De vrouw heeft de man bij dagvaarding van 4 november 2019 in kort geding betrokken.

3.Het geschil

3.1.
De vrouw vordert - in de kern en samengevat weergegeven -:
een gebiedsverbod voor de man in de omgeving van de woning van de vrouw en [de minderjarige] , de basisschool van [de minderjarige] , de buitenschoolse opvang en het zwembad,
een contactverbod voor de man jegens de vrouw en/of [de minderjarige] ,
een verbod tot het online plaatsen van berichten over de vrouw, met bevel aan de man om reeds geplaatste berichten te verwijderen en verwijderd te houden,
te bepalen dat de man de in de dagvaarding geformuleerde rectificatie op zijn Facebookpagina voor de duur van ten minste 30 dagen dient te plaatsen en in een regionaal dagblad dient te publiceren,
met veroordeling van de man in de (na)kosten van deze procedure.
3.2.
[gedaagde] voert gemotiveerd verweer.
3.3.
Op de stellingen van partijen wordt hierna, voor zover van belang, nader ingegaan.

4.De beoordeling

4.1.
De spoedeisendheid van het gevorderde vloeit voort uit de aard ervan en de daaraan ten grondslag gelegde stellingen.
4.2.
De voorzieningenrechter constateert allereerst dat de vrouw het gevorderde (enkel) in privé heeft ingesteld en niet (deels mede) in haar hoedanigheid als wettelijke vertegenwoordigster van [de minderjarige] , terwijl het gevorderde gebieds- en contactverbod mede betrekking hebben op [de minderjarige] .
4.3.
De voorzieningenrechter overweegt daarnaast dat er inmiddels door de vrouw een procedure aanhangig is gemaakt waarin haar verzoek tot wijziging van de in 2017 vastgestelde omgangsregeling aan de orde is.

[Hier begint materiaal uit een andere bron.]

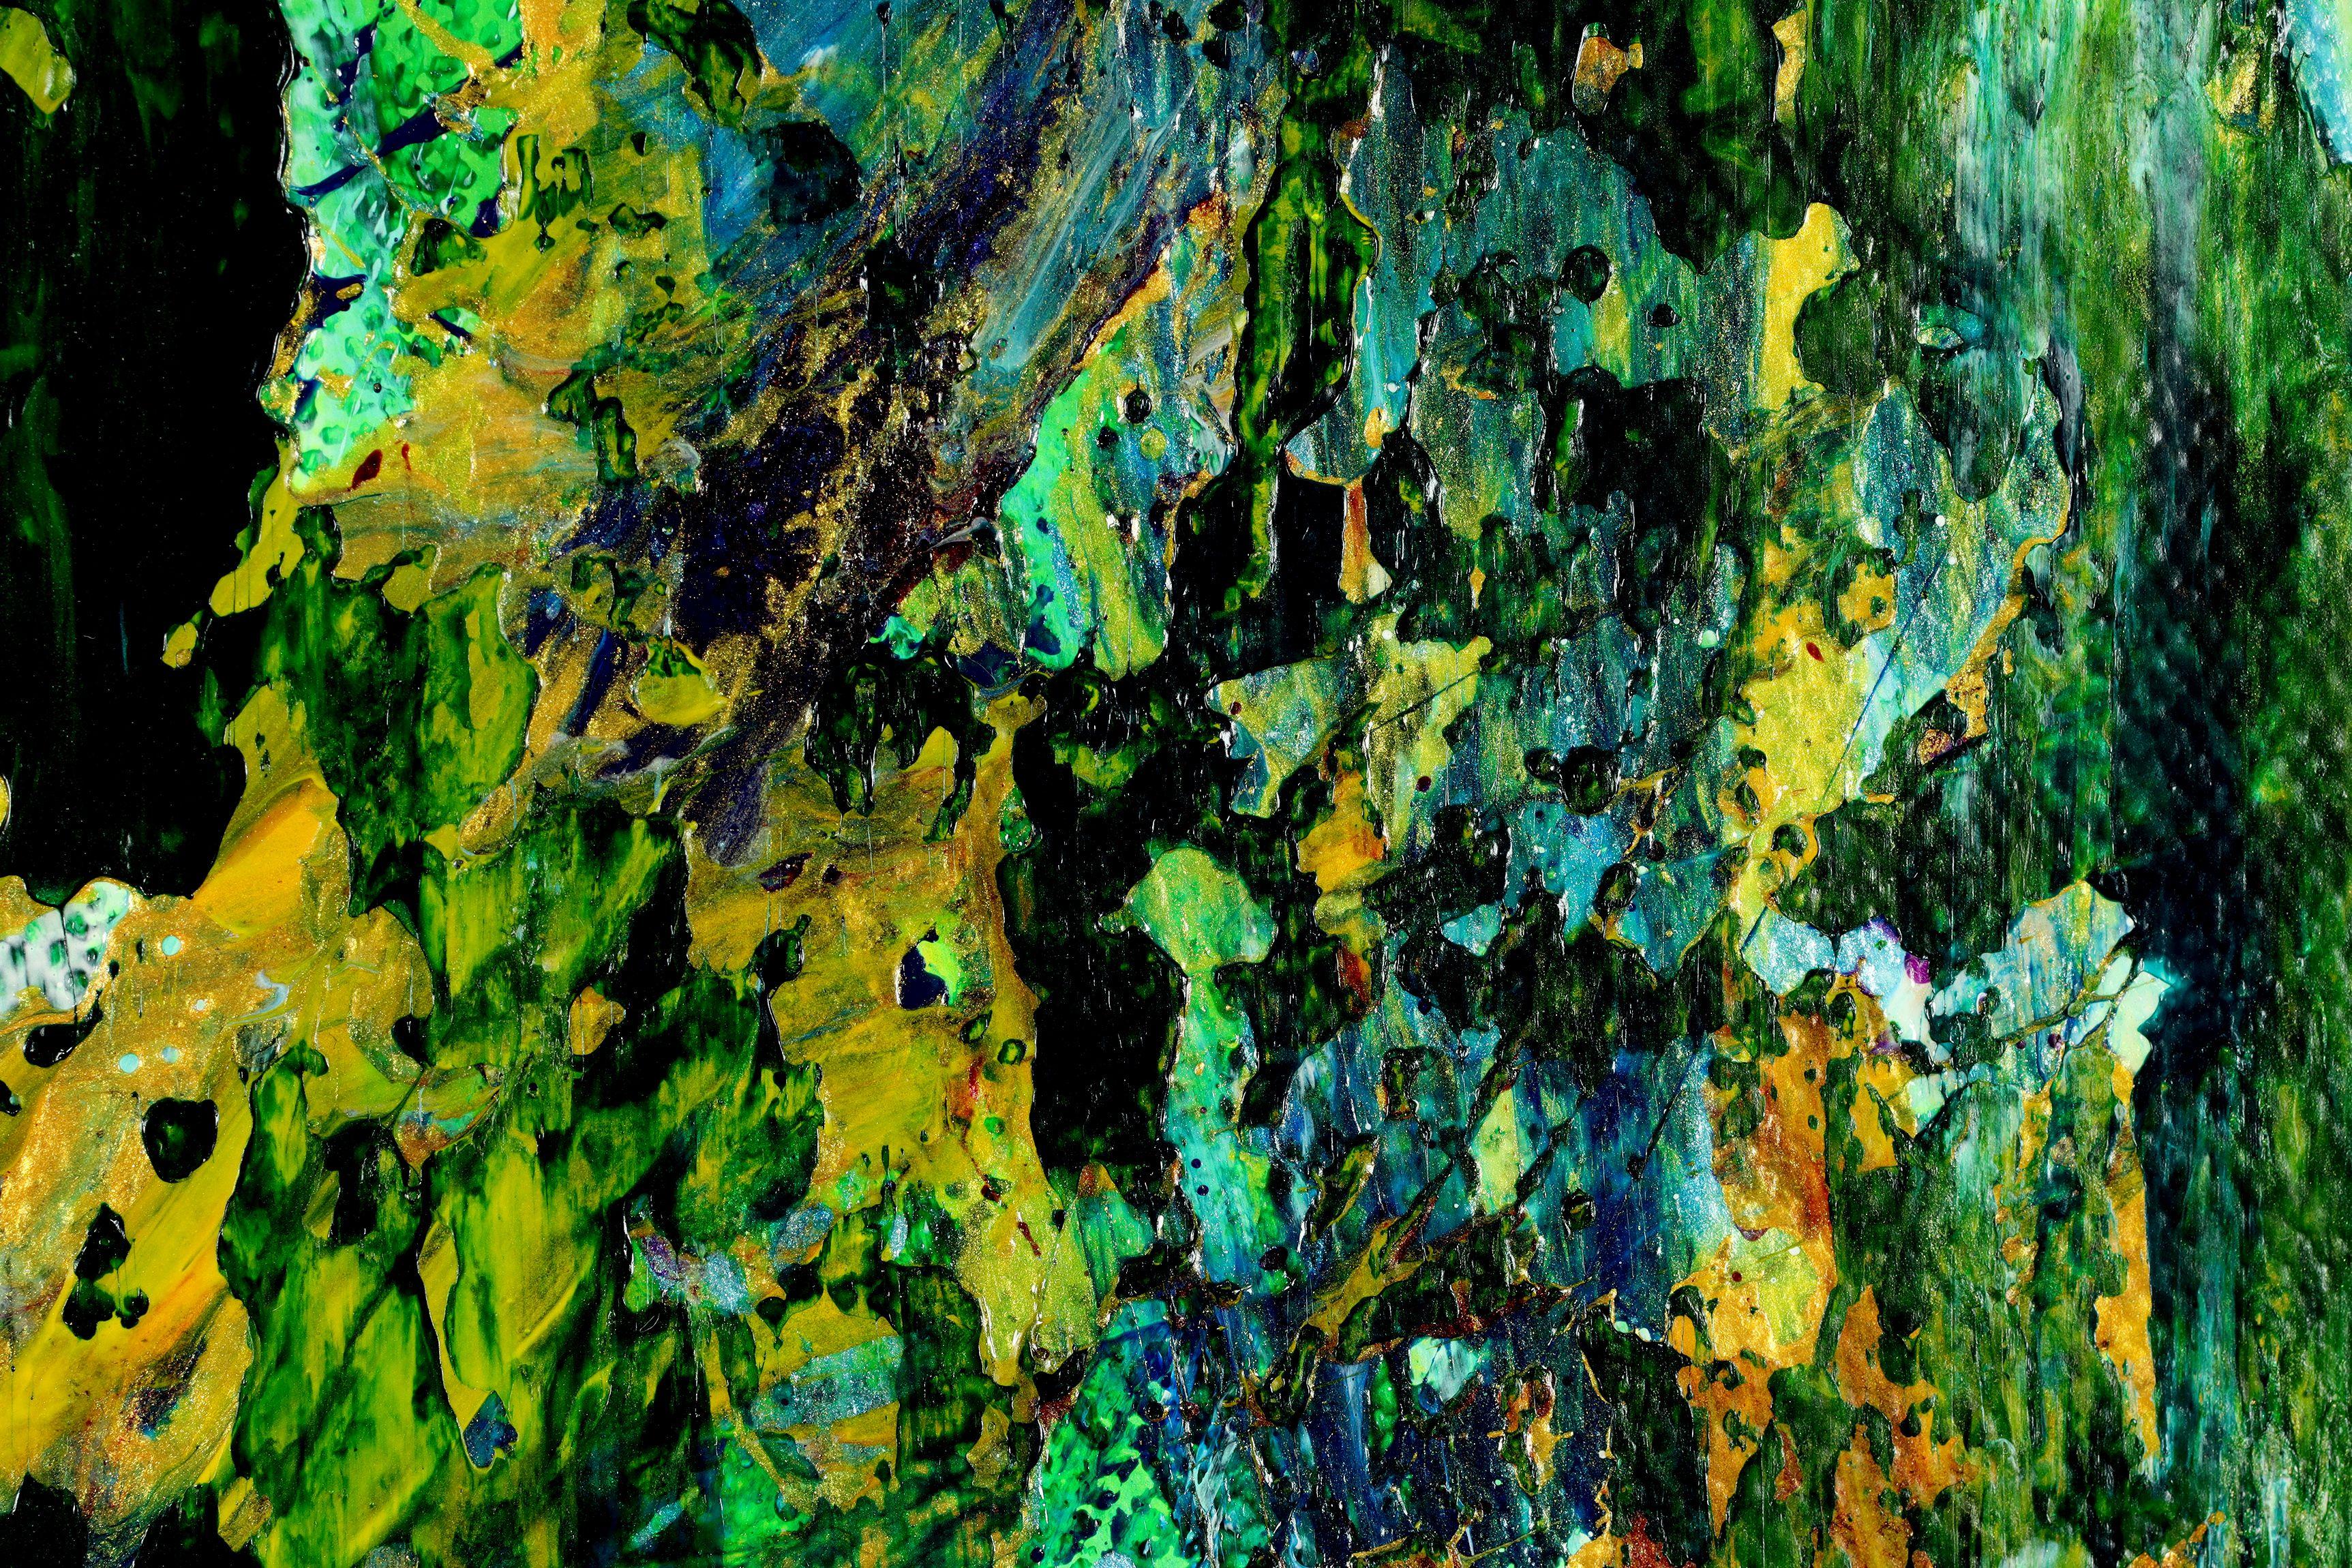 Inspired by nature forest painting with earthy color blending, contrast and details. Textured with layers of green, blue, turquoise, yellow.    This artwork its glossy with fine palette knife details. impactful abstract. Signed in front. Ready to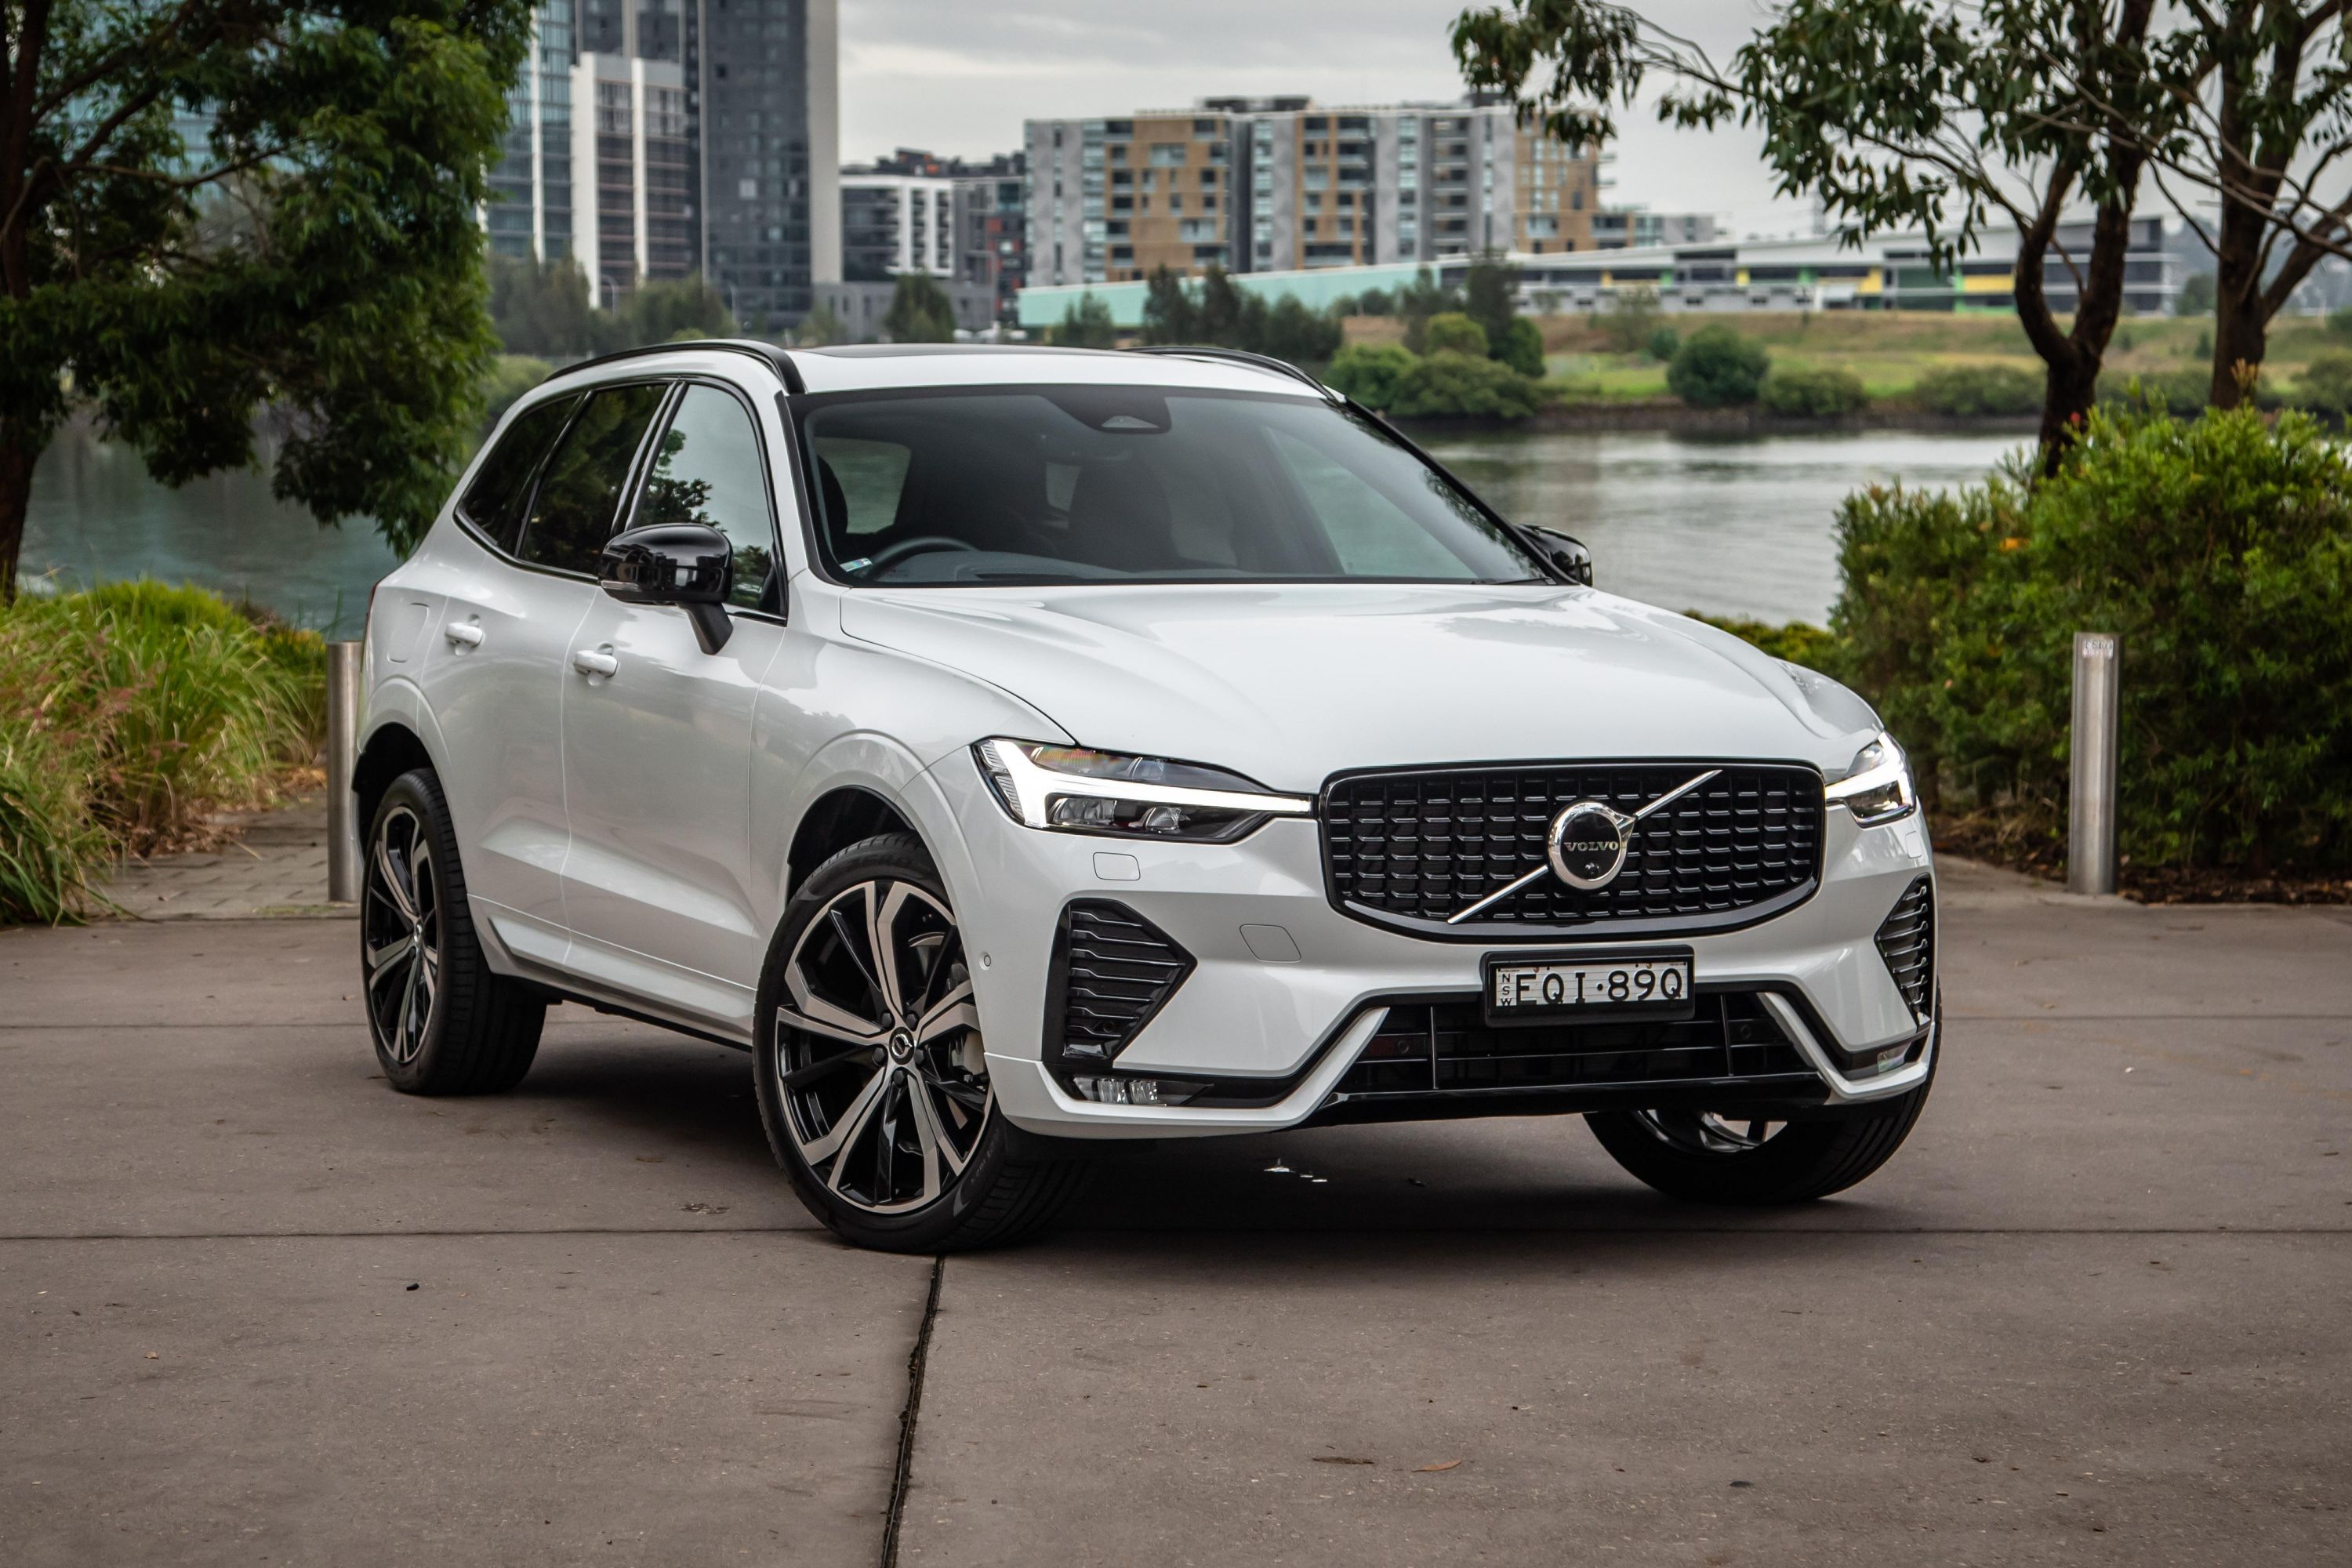 2022 Volvo XC60 First Drive Review: Mild Not Wild

Het is aan de rechter in die procedure om te beoordelen of er gronden aanwezig zijn om de in 2017 vastgestelde omgangsregeling tussen de man en [de minderjarige] al dan niet te wijzigen.
4.4.
Met inachtneming van hetgeen hiervoor is overwogen ziet de voorzieningenrechter zich voor de vraag gesteld of er, vanuit het oogpunt dat de vrouw er zélf belang bij heeft, aanleiding is om het gevorderde gebieds- en/of contactverbod al dan niet in beperkte(re) vorm toe te wijzen.
4.5.
Voor de toewijzing van het gevorderde gebieds- en contactverbod, dat een ernstige inbreuk maakt op het grondrecht van bewegingsvrijheid van de man dient in elk geval een reële dreiging te bestaan van toekomstig onrechtmatig handelen van de man jegens de vrouw en [de minderjarige] . De vraag of in dat geval een gebieds- en contactverbod noodzakelijk is moet vervolgens worden beantwoord aan de hand van alle omstandigheden van het geval en met inachtneming van de daarbij betrokken belangen van beide partijen.
4.6.
De vrouw heeft ter zitting (nader) toegelicht waarom volgens haar een gebieds- en contactverbod gerechtvaardigd is. Zij heeft verklaard dat de man tijdens hun relatie fysiek en emotioneel geweld heeft gepleegd. De man heeft ter zitting erkend dat er gedurende de relatie sprake is geweest van huiselijk geweld en dat de relatie tussen partijen daardoor is beëindigd. Hij heeft onweersproken gesteld dat hij in behandeling is geweest bij Mediant en dat hij dat traject inmiddels succesvol heeft afgrond. Het is zonder meer te begrijpen en te betreuren dat het door de man gepleegde huiselijk geweld veel impact op de vrouw heeft en dat zij daardoor angst heeft voor de man, althans dat haar vertrouwen in hem ernstig is geschaad.
4.7.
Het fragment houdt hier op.